They continued on under the flapping banners and spinning wheels for another hour. The day started to get hotter and stickier. The cold air from the mountains pressed down on the hot air in the valley, coating the forest in a heavy mist that made everything feel like a dream. Shadows moved in the mist and the flapping banners sounded like the whispering of ghosts. This was not a friendly forest. The twins felt like they were being watched.
Suddenly, as they passed through the haze, the path simply ended in front of them. They stood at the edge of a cliff that went straight down to the river at the bottom of the canyon. They could hear the roaring of the Hidden Falls below.
“Where do we go from here?” Celia wondered.
“We must cross the gorge,” Lama Norbu said. “I hope you do not fear heights.”
He pointed to a thin wire that stretched from one side of the gorge to the other high above the rapids. The other side was at least the length of a football field away.
“I wasn't afraid of heights before,” Celia said. “Though I might be now.”
Oliver didn't say anything because he could feel his stomach in his throat. The memory of falling out of the airplane was still fresh. Oliver couldn't help but notice that the wire was about as thick as the kind of wire used to hook up cable television. It looked about as sturdy too.
What would Agent Zero do? Oliver thought to himself, and then he remembered that Corey Brandt, the actor in
Agent Zero
, had a stunt double. Agent Zero would probably hang out in his trailer drinking Fanta while someone else took all the risks. Some unlucky kid like Oliver.
Lama Norbu pulled out a few scraps of cloth from his robes and handed them to the twins.
“Wrap these around your palms so the wire doesn't cut into your hands. Then we'll wrap our legs around it, grab on, and scoot across, like you're crawling upside down.”
“I don't usually crawl upside down hundreds of feet in the air,” said Celia.
Lama Norbu smiled at her and took out his rope. He tied it around each of their waists.
“This way, if one of us falls, the others can catch her,” he said.
“What do you mean by
her
?” objected Celia.
Lama Norbu simply shrugged and grabbed on to the wire, swinging his legs up effortlessly and hanging upside down. He began to inch along, trailing the rope behind him. “Come on!” he called back.
“I don't think we should do this,” Oliver said.
“He's not trying to trick us,” Celia explained. “He went first.”

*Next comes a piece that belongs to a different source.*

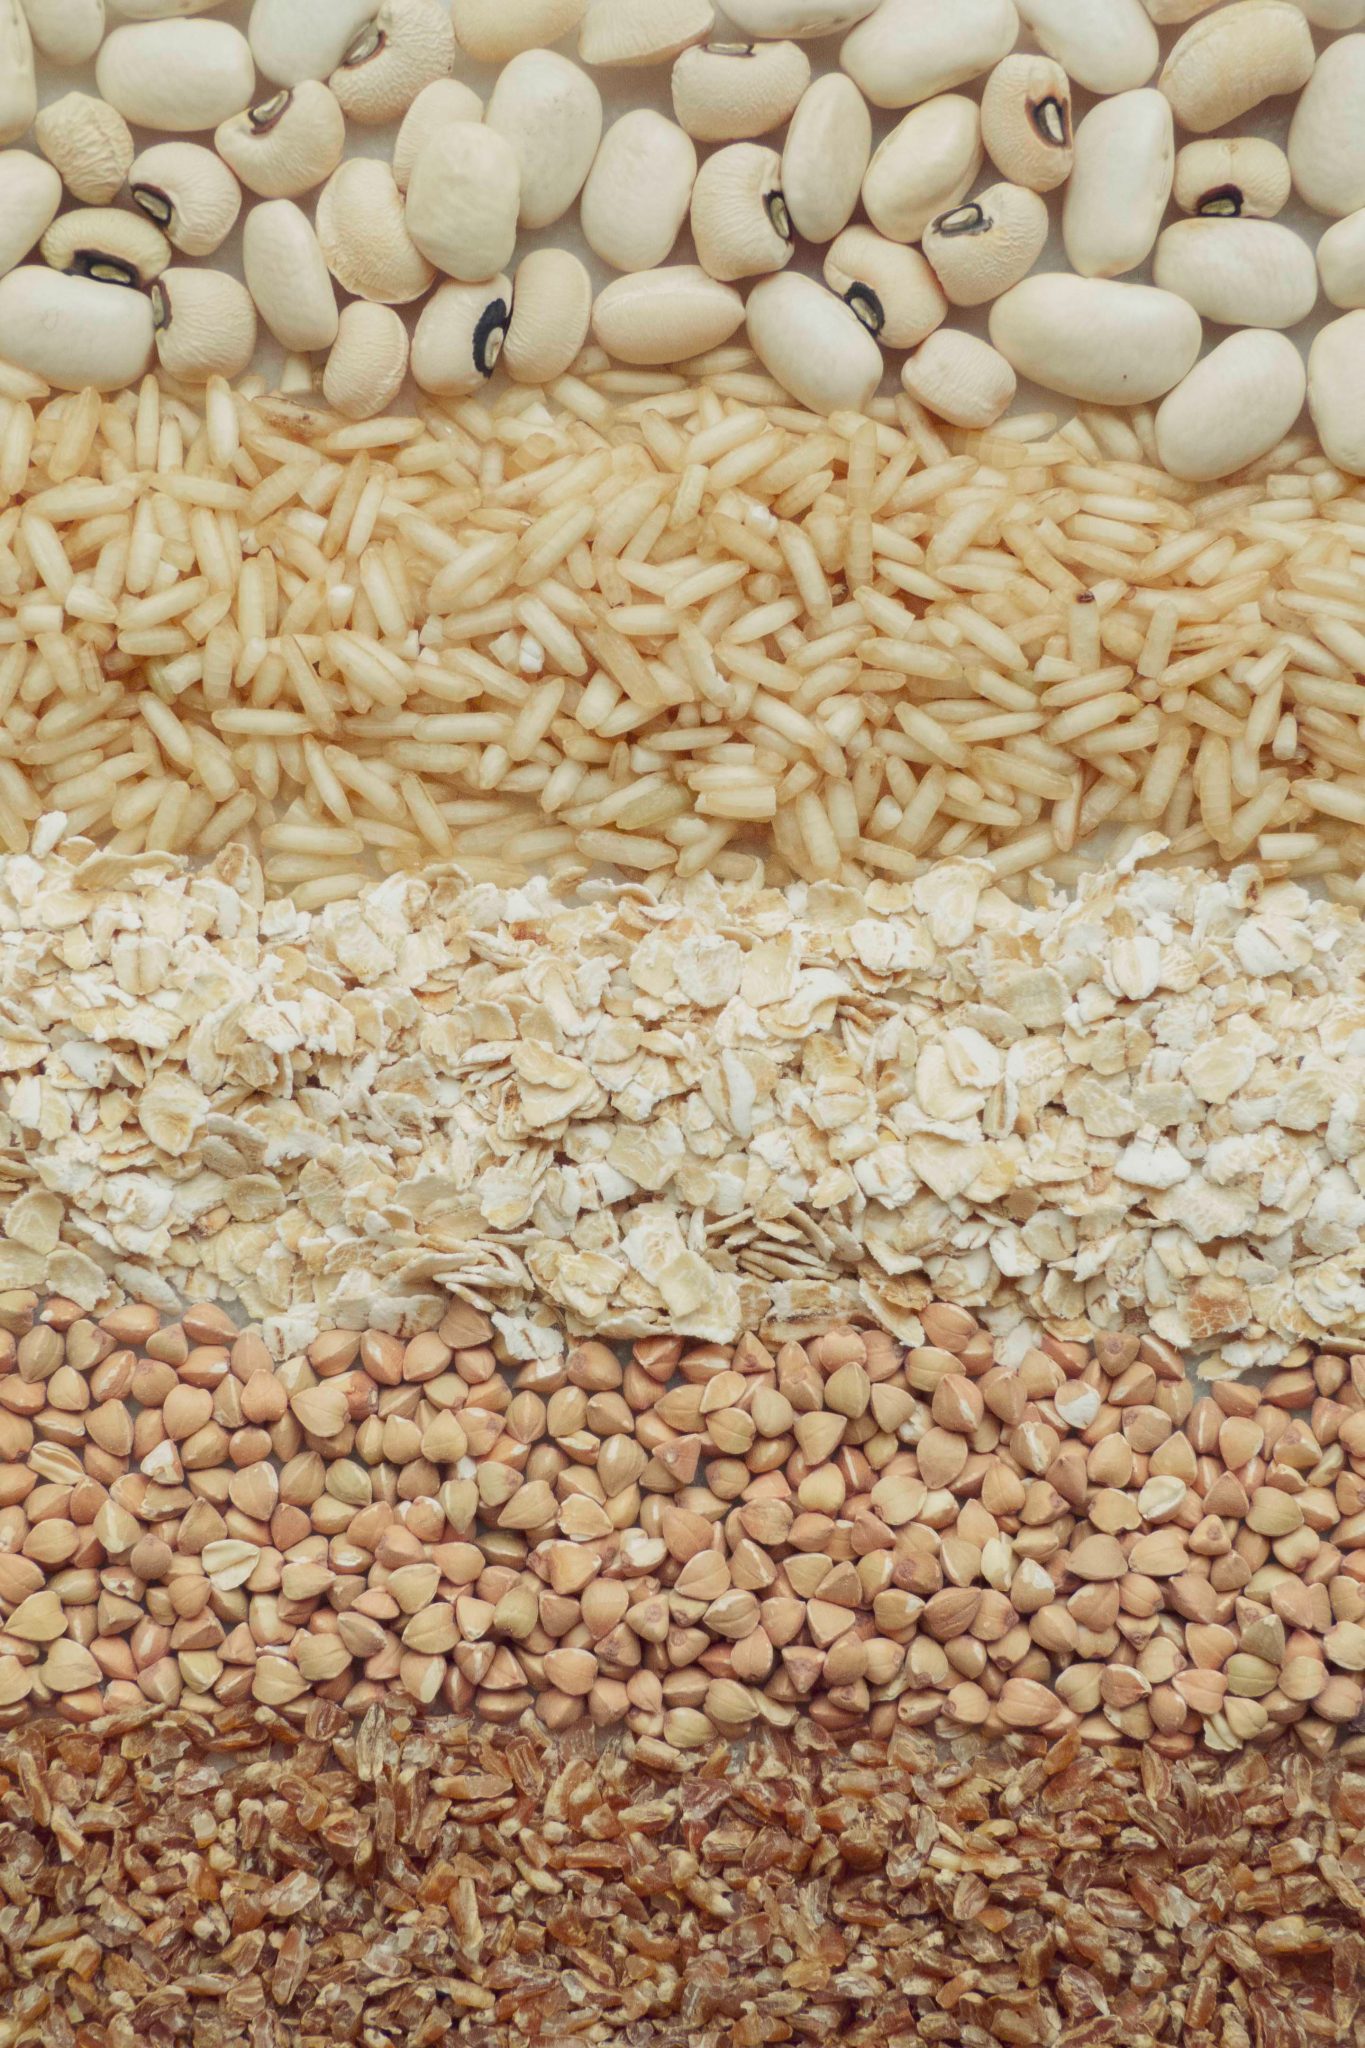 rice, beans, oats
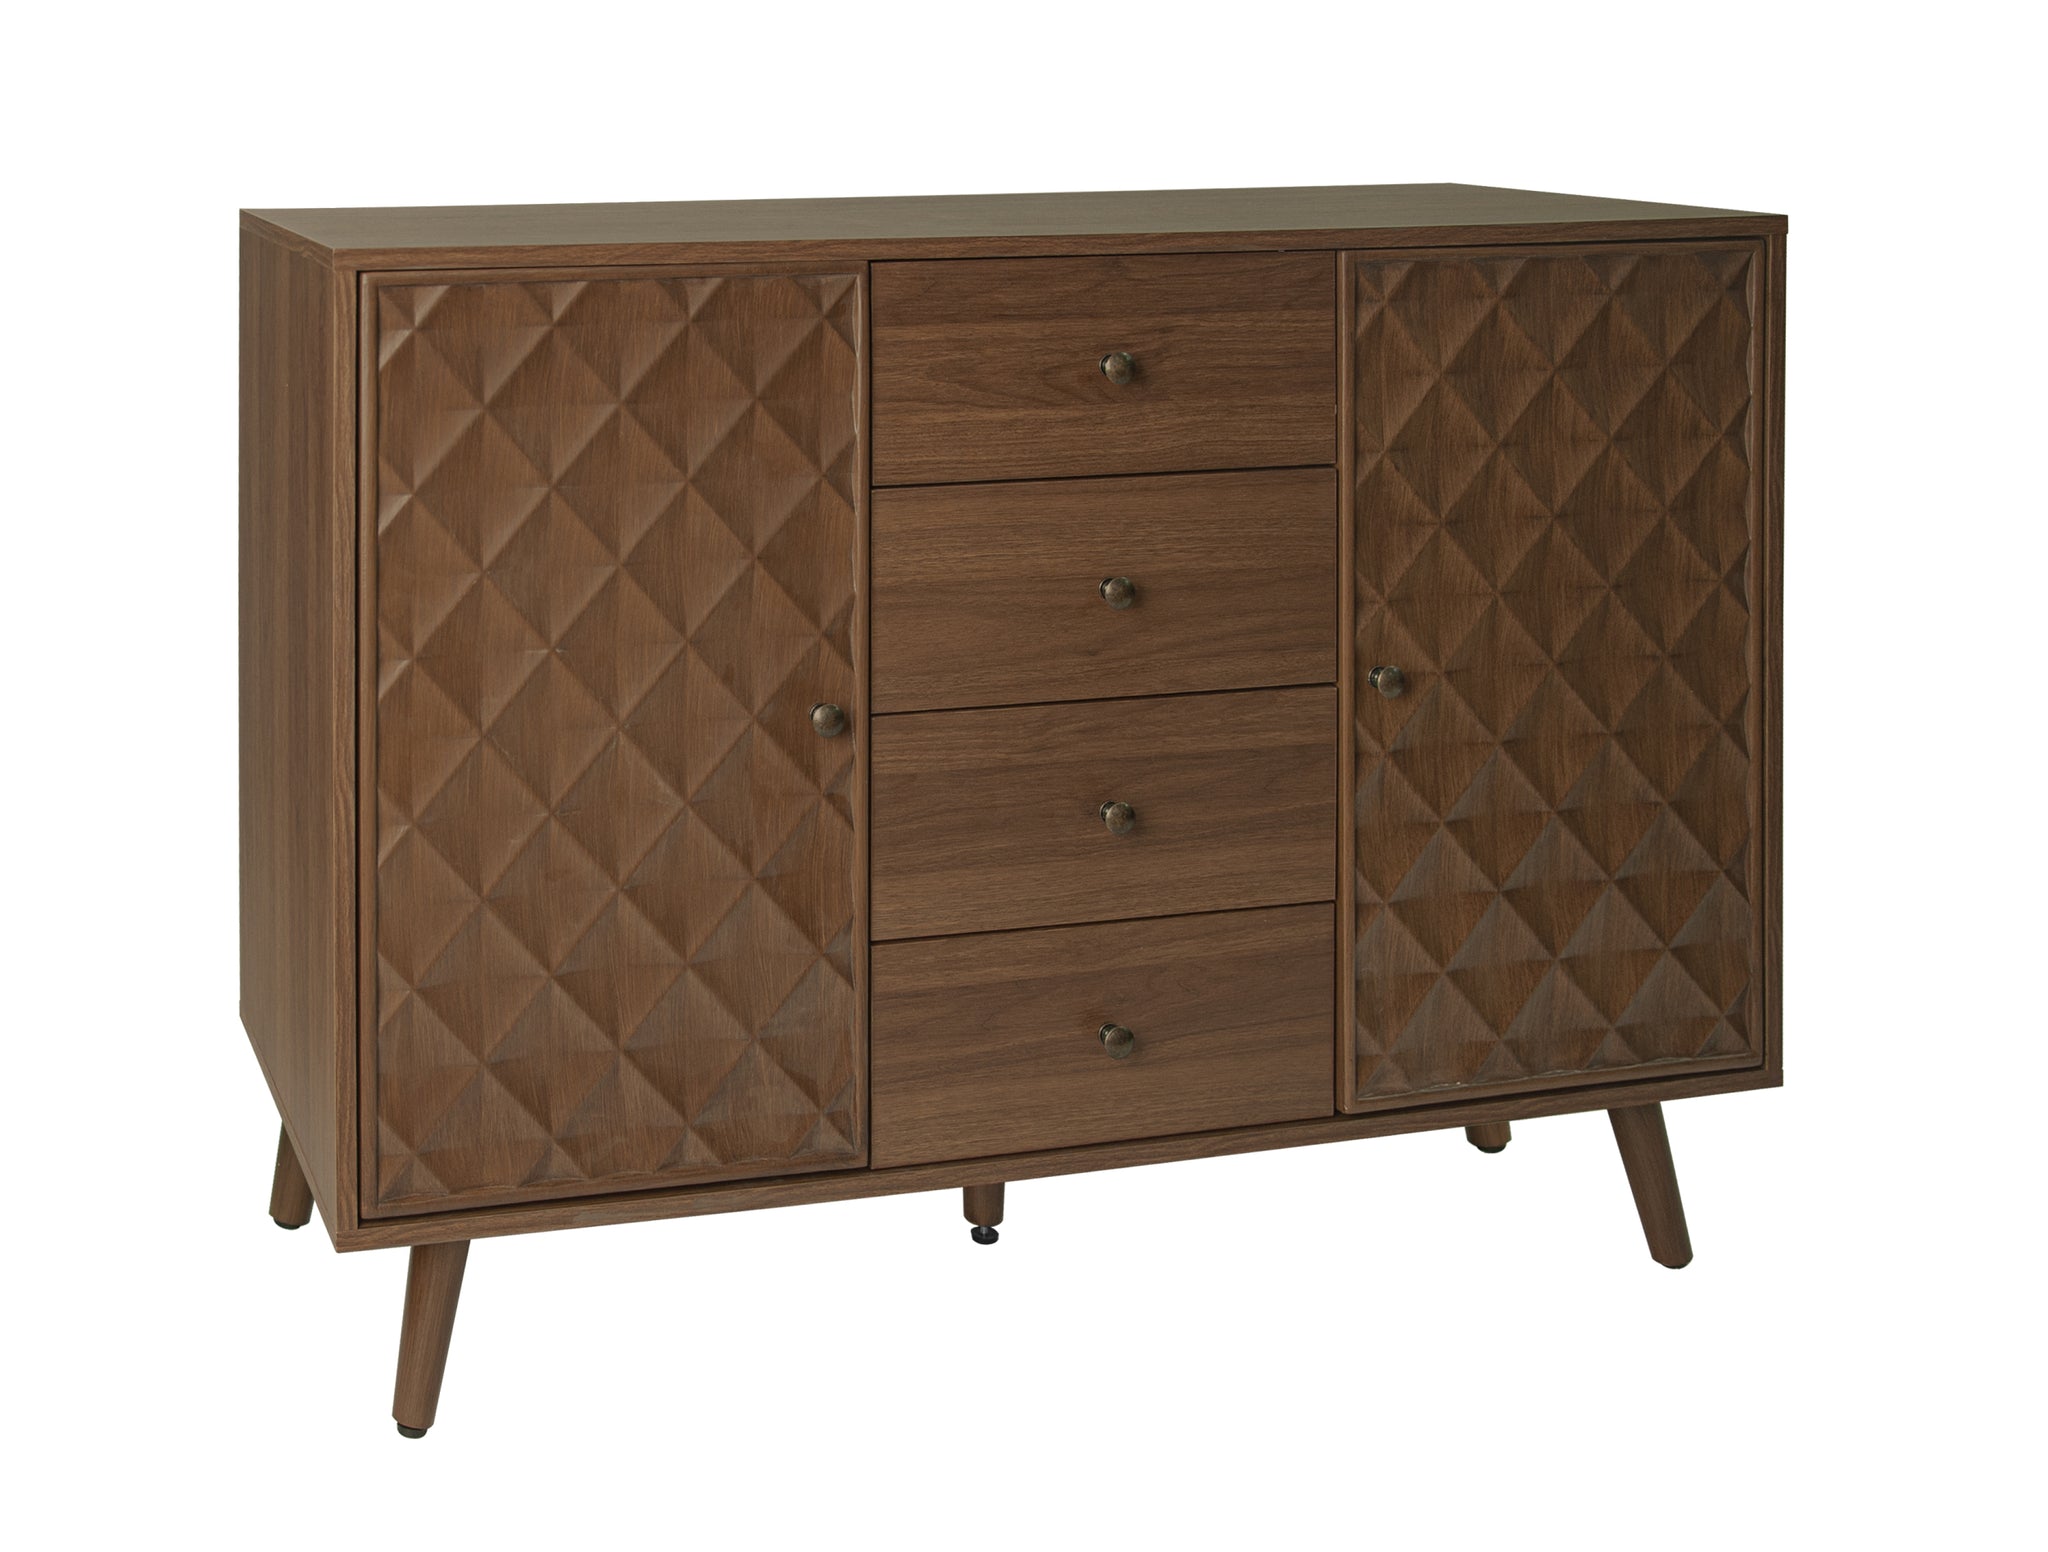 2 door 4 drawer cabinet, Suitable for Bedroom,

“It's not that. . . . This wire is going to break.”
“How do you know that?”
“Every show I've ever watched,” he said, “when someone has to cross a gorge or a valley or a canyon . . . the wire or the bridge or whatever always breaks. Always. It's like a law.”
“Well, this isn't television,” Celia said.
“I know.” Oliver sighed. “This is much worse.”
The twins wrapped their palms with the cloth and, one after the other, followed Lama Norbu out onto the wire, hanging upside down and crawling along like inchworms. Oliver went first. As always.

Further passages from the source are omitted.